_Activity_: Retype each line below precisely.

Records drawn from a dataset
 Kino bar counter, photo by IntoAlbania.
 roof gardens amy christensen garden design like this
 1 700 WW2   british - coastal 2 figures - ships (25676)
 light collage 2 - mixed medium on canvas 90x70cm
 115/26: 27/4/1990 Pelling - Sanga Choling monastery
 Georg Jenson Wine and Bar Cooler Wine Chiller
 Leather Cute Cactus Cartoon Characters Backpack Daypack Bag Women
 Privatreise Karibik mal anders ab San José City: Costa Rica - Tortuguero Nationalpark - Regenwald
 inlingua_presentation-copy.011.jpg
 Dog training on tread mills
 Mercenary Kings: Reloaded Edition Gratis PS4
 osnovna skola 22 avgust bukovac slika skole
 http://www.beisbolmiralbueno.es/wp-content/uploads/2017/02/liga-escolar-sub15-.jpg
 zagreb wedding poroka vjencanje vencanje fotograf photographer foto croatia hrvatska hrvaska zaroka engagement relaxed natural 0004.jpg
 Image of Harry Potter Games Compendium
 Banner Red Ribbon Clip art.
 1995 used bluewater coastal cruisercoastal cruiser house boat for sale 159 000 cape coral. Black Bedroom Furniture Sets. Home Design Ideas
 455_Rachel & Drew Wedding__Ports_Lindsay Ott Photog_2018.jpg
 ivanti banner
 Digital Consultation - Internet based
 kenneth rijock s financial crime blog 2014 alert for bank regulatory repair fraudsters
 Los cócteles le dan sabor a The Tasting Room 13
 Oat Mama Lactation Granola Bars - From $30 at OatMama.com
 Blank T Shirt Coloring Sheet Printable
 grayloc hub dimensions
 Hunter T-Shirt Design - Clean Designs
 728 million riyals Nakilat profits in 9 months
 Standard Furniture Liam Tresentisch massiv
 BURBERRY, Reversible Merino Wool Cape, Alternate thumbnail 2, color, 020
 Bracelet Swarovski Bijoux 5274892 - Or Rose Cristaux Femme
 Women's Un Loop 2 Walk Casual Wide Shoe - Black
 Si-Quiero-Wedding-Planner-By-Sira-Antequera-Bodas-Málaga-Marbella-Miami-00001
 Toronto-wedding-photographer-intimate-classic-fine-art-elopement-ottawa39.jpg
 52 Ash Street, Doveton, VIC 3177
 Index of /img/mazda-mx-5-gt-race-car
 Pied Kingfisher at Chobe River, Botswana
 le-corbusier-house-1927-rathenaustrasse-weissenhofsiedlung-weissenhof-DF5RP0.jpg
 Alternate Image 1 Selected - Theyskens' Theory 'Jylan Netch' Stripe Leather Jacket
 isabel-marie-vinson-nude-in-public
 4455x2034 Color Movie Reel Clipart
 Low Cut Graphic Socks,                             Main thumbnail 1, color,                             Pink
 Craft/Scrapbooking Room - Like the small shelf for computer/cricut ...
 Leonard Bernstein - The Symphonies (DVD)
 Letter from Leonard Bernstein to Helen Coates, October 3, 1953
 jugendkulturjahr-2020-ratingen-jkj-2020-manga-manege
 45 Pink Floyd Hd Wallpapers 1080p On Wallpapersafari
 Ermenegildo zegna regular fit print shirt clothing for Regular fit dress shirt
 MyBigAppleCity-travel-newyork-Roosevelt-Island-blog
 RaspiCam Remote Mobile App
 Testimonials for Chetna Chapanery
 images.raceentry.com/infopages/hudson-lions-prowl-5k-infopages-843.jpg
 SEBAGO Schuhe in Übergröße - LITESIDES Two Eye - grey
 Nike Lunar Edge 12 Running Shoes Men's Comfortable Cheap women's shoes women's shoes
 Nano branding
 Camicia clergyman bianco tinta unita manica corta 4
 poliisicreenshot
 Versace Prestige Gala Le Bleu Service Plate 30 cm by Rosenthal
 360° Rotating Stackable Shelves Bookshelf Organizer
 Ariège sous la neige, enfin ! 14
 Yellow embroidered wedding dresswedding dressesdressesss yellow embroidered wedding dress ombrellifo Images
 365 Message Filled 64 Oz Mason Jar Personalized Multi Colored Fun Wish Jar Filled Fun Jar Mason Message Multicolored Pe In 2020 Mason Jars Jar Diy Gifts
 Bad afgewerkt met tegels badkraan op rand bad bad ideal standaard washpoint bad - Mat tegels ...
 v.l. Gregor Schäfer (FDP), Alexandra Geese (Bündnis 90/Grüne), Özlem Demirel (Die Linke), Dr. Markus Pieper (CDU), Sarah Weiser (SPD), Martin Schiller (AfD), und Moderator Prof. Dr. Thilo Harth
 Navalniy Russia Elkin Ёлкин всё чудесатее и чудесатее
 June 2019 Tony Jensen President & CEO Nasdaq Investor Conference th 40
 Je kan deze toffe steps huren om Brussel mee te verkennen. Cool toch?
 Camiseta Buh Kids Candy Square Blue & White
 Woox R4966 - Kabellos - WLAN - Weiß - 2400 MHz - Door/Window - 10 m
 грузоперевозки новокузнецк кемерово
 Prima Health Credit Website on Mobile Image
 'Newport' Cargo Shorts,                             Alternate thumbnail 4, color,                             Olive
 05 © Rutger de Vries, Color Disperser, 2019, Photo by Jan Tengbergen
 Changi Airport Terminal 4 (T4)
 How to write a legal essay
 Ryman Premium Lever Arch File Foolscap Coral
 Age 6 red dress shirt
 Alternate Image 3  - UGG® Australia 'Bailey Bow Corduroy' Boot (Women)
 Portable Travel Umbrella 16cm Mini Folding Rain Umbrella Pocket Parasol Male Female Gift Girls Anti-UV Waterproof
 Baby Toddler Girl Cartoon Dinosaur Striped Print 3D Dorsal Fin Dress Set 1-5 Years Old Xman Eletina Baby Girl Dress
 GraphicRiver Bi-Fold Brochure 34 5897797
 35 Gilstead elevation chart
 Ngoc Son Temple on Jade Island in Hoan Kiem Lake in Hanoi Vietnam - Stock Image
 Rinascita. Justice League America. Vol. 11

_Expected output_:
 Kino bar counter, photo by IntoAlbania.
 roof gardens amy christensen garden design like this
 1 700 WW2   british - coastal 2 figures - ships (25676)
 light collage 2 - mixed medium on canvas 90x70cm
 115/26: 27/4/1990 Pelling - Sanga Choling monastery
 Georg Jenson Wine and Bar Cooler Wine Chiller
 Leather Cute Cactus Cartoon Characters Backpack Daypack Bag Women
 Privatreise Karibik mal anders ab San José City: Costa Rica - Tortuguero Nationalpark - Regenwald
 inlingua_presentation-copy.011.jpg
 Dog training on tread mills
 Mercenary Kings: Reloaded Edition Gratis PS4
 osnovna skola 22 avgust bukovac slika skole
 http://www.beisbolmiralbueno.es/wp-content/uploads/2017/02/liga-escolar-sub15-.jpg
 zagreb wedding poroka vjencanje vencanje fotograf photographer foto croatia hrvatska hrvaska zaroka engagement relaxed natural 0004.jpg
 Image of Harry Potter Games Compendium
 Banner Red Ribbon Clip art.
 1995 used bluewater coastal cruisercoastal cruiser house boat for sale 159 000 cape coral. Black Bedroom Furniture Sets. Home Design Ideas
 455_Rachel & Drew Wedding__Ports_Lindsay Ott Photog_2018.jpg
 ivanti banner
 Digital Consultation - Internet based
 kenneth rijock s financial crime blog 2014 alert for bank regulatory repair fraudsters
 Los cócteles le dan sabor a The Tasting Room 13
 Oat Mama Lactation Granola Bars - From $30 at OatMama.com
 Blank T Shirt Coloring Sheet Printable
 grayloc hub dimensions
 Hunter T-Shirt Design - Clean Designs
 728 million riyals Nakilat profits in 9 months
 Standard Furniture Liam Tresentisch massiv
 BURBERRY, Reversible Merino Wool Cape, Alternate thumbnail 2, color, 020
 Bracelet Swarovski Bijoux 5274892 - Or Rose Cristaux Femme
 Women's Un Loop 2 Walk Casual Wide Shoe - Black
 Si-Quiero-Wedding-Planner-By-Sira-Antequera-Bodas-Málaga-Marbella-Miami-00001
 Toronto-wedding-photographer-intimate-classic-fine-art-elopement-ottawa39.jpg
 52 Ash Street, Doveton, VIC 3177
 Index of /img/mazda-mx-5-gt-race-car
 Pied Kingfisher at Chobe River, Botswana
 le-corbusier-house-1927-rathenaustrasse-weissenhofsiedlung-weissenhof-DF5RP0.jpg
 Alternate Image 1 Selected - Theyskens' Theory 'Jylan Netch' Stripe Leather Jacket
 isabel-marie-vinson-nude-in-public
 4455x2034 Color Movie Reel Clipart
 Low Cut Graphic Socks,                             Main thumbnail 1, color,                             Pink
 Craft/Scrapbooking Room - Like the small shelf for computer/cricut ...
 Leonard Bernstein - The Symphonies (DVD)
 Letter from Leonard Bernstein to Helen Coates, October 3, 1953
 jugendkulturjahr-2020-ratingen-jkj-2020-manga-manege
 45 Pink Floyd Hd Wallpapers 1080p On Wallpapersafari
 Ermenegildo zegna regular fit print shirt clothing for Regular fit dress shirt
 MyBigAppleCity-travel-newyork-Roosevelt-Island-blog
 RaspiCam Remote Mobile App
 Testimonials for Chetna Chapanery
 images.raceentry.com/infopages/hudson-lions-prowl-5k-infopages-843.jpg
 SEBAGO Schuhe in Übergröße - LITESIDES Two Eye - grey
 Nike Lunar Edge 12 Running Shoes Men's Comfortable Cheap women's shoes women's shoes
 Nano branding
 Camicia clergyman bianco tinta unita manica corta 4
 poliisicreenshot
 Versace Prestige Gala Le Bleu Service Plate 30 cm by Rosenthal
 360° Rotating Stackable Shelves Bookshelf Organizer
 Ariège sous la neige, enfin ! 14
 Yellow embroidered wedding dresswedding dressesdressesss yellow embroidered wedding dress ombrellifo Images
 365 Message Filled 64 Oz Mason Jar Personalized Multi Colored Fun Wish Jar Filled Fun Jar Mason Message Multicolored Pe In 2020 Mason Jars Jar Diy Gifts
 Bad afgewerkt met tegels badkraan op rand bad bad ideal standaard washpoint bad - Mat tegels ...
 v.l. Gregor Schäfer (FDP), Alexandra Geese (Bündnis 90/Grüne), Özlem Demirel (Die Linke), Dr. Markus Pieper (CDU), Sarah Weiser (SPD), Martin Schiller (AfD), und Moderator Prof. Dr. Thilo Harth
 Navalniy Russia Elkin Ёлкин всё чудесатее и чудесатее
 June 2019 Tony Jensen President & CEO Nasdaq Investor Conference th 40
 Je kan deze toffe steps huren om Brussel mee te verkennen. Cool toch?
 Camiseta Buh Kids Candy Square Blue & White
 Woox R4966 - Kabellos - WLAN - Weiß - 2400 MHz - Door/Window - 10 m
 грузоперевозки новокузнецк кемерово
 Prima Health Credit Website on Mobile Image
 'Newport' Cargo Shorts,                             Alternate thumbnail 4, color,                             Olive
 05 © Rutger de Vries, Color Disperser, 2019, Photo by Jan Tengbergen
 Changi Airport Terminal 4 (T4)
 How to write a legal essay
 Ryman Premium Lever Arch File Foolscap Coral
 Age 6 red dress shirt
 Alternate Image 3  - UGG® Australia 'Bailey Bow Corduroy' Boot (Women)
 Portable Travel Umbrella 16cm Mini Folding Rain Umbrella Pocket Parasol Male Female Gift Girls Anti-UV Waterproof
 Baby Toddler Girl Cartoon Dinosaur Striped Print 3D Dorsal Fin Dress Set 1-5 Years Old Xman Eletina Baby Girl Dress
 GraphicRiver Bi-Fold Brochure 34 5897797
 35 Gilstead elevation chart
 Ngoc Son Temple on Jade Island in Hoan Kiem Lake in Hanoi Vietnam - Stock Image
 Rinascita. Justice League America. Vol. 11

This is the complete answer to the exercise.